Крепко глянулась мне девка. Наша была, с-под Туруханску. Муж ейный с тайги не вернулся, дак она рада была новой семье-то!
Я к йим в зиму с путика наезжал. То обогреться, то спроста. В избе все на свой лад у ей. И чисто так, прибрано. Ну – баба! А едешь по тундре – сдалека хлебный дух слыхать – Манюшка пироги печет!
Я, дурень старой, думал, вота сложилось у Артема. Ан н-нет! В середь мая приходит она к мине: дедушко, билет взяла, помоги чемодан, я тяжелая!
Тут я, пра слово, навсе онемел.
– Че ж ты, грю, дура, прости, Создатель, за слово, от мужика бежишь, раз в тягости?
– Ох, дура, – шмырчит, – ох, дура, – да пала ко мне, да в голос: – Не было мужа и такого не надо! Не хочу, чтобы у дитя моего такой отец был!
– Да чем жа, грю, он хуже других-то?
– Ой, хуже, – шмырчит, – дедушко, ой, хуже! Расстрельной он! Зеков стрелял, которых по суду к вышке. Сам напросился! Всю Россию так-то объездил! А потом, когда пошла перестройка эта перетряска, ктой-то ему сказал, сам ли дошел, что не все по расстрельной статье йшли. Которые вовсе невинны. За одного, говорил, Чикатилу, четырех человек зазря грохнули! Ну, так он бросил, уволился. Так хоть бы уж молчал! Так нет! Браги своей выпьет кружку-другу – и начинат рассказывать. Да кому? Бабе! А я потом не усну – мерещится!

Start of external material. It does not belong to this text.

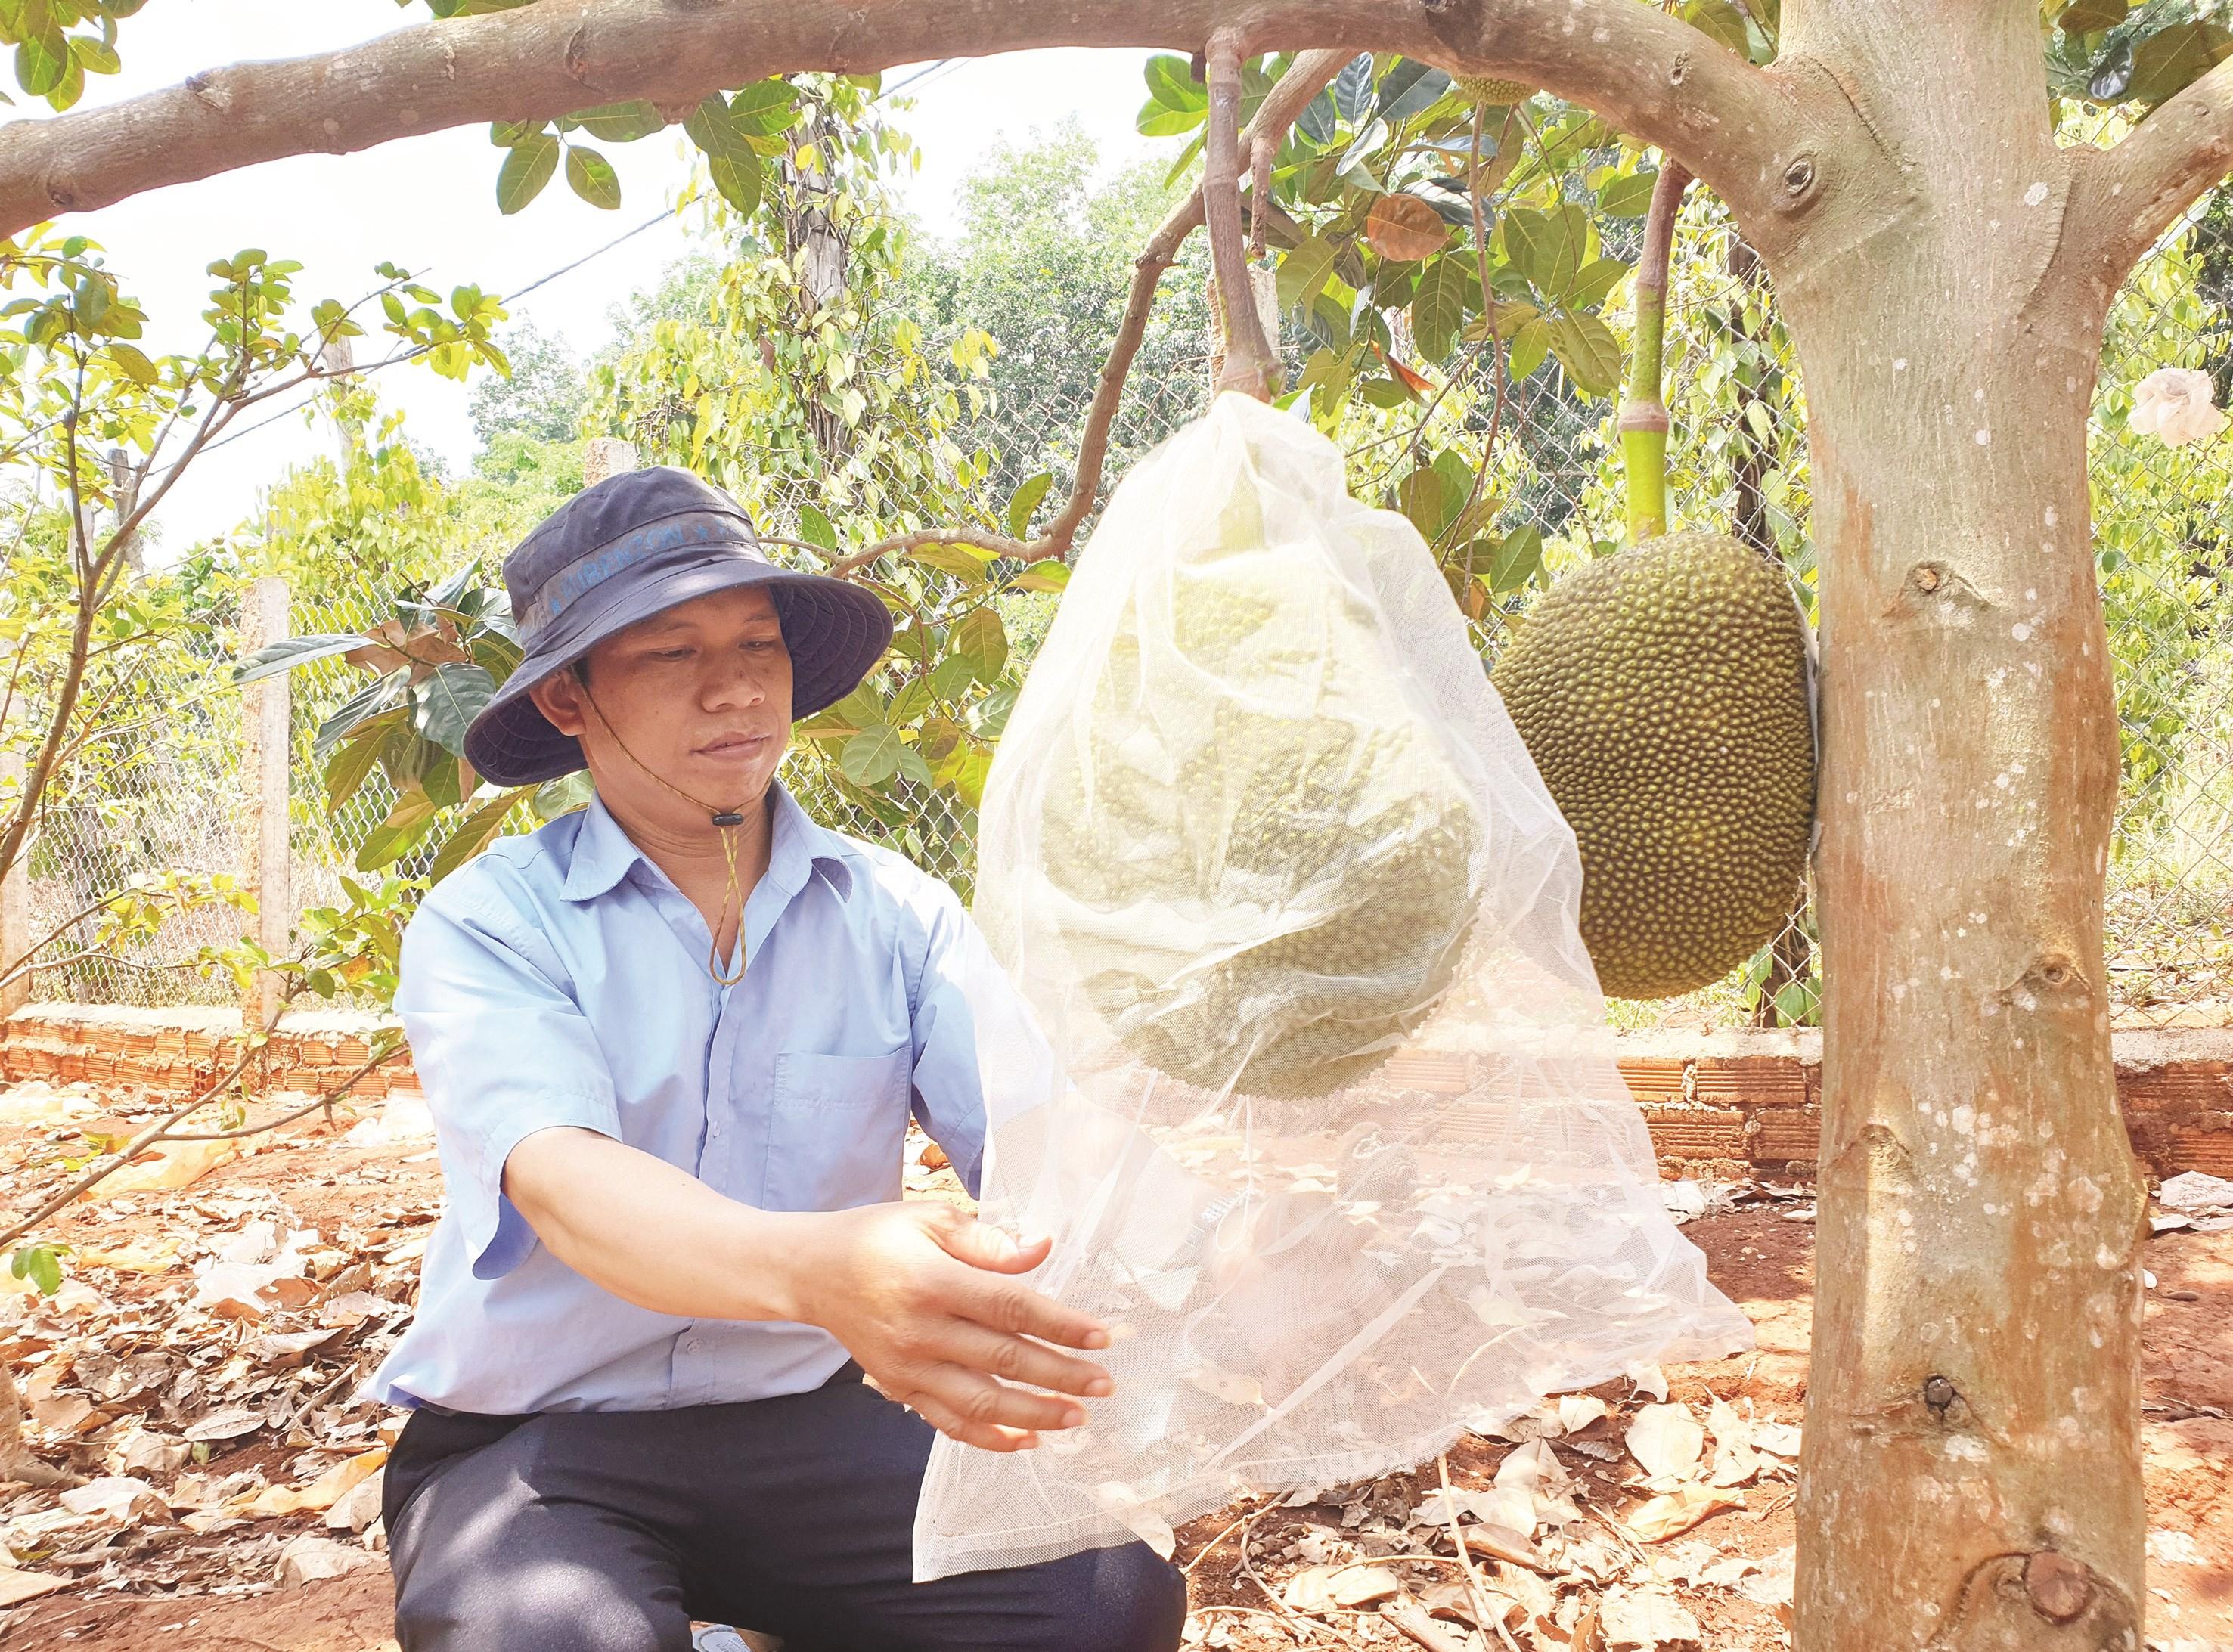 Với vườn cây ăn trái và thêm nguồn thu từ cây cao su, cà phê mỗi năm anh Kpă Meo mang về cho gia đình hơn 400 triệu đồng.

– И как подумаю, что ненормальный он, самашечий, что который в себе-то мужик, не пойдет на зарплату таку – людей стрелять! Да что болезнь его могет на дитя перекинуться, скушно мне делается, дедушко, хоть в петлю!
– Не верь, дочка, грю, не стреляют щас, а на рудники! Мушшын не знашь? Каждой на свой лад хвастат, да иной меру не знат!
А она:
– Нет, дедушко, правда! Через то и мучается, и пьет через то! И уж так-то напивается браги своей, так-то напивается, хуже как с водки, и рвет его аж черной желчью, а все не бросит!
Не могу больше! Еслив не возвернусь к матери, – сгину тута и дитя мое сгинет.
Но не бегу. Сказала ему. "Ладно!" – и денег дал. А провожать, грит, не пойду, сама как знашь! Смолчала, что в тягости я…
Н-ну, дела-a! Проводил, перекрестил, в самолет посадил. Вертаюсь в общагу. Нашел его.
– Че, правда, че ли?
Посмотрел так.
– Правда, грит.
– Заставляли, че ли?
– Нет, сам.
– Тады плохая дела. Отпуск щас у тибя. Ты на «материке» по церквам походи. Попа себе высмотри. Да не абы какого, а какой глянется, молодой ли, старой. Исповедуйся. Надоть, штобы Бог простил. Таку-то тяжесть на душе носить – навсе свихнуться. Ще парни не знают. С тобой никто исть-пить не станет, ни рядом не сядет!
Ладно. Возвертается он с отпуску – никакой бабы рядом нету, и от миня нос воротит. Ну – молчу.
А об начало сезона заехал к нему.
– Да ты ходил ли к попу-то?
– А ну их, грит, долгогривых! Разве обскажешь кому, что в душе у меня?
– Да поп-то, грю, ни при чем, только посередник он, надоть, чтоб Создатель простил грех твой!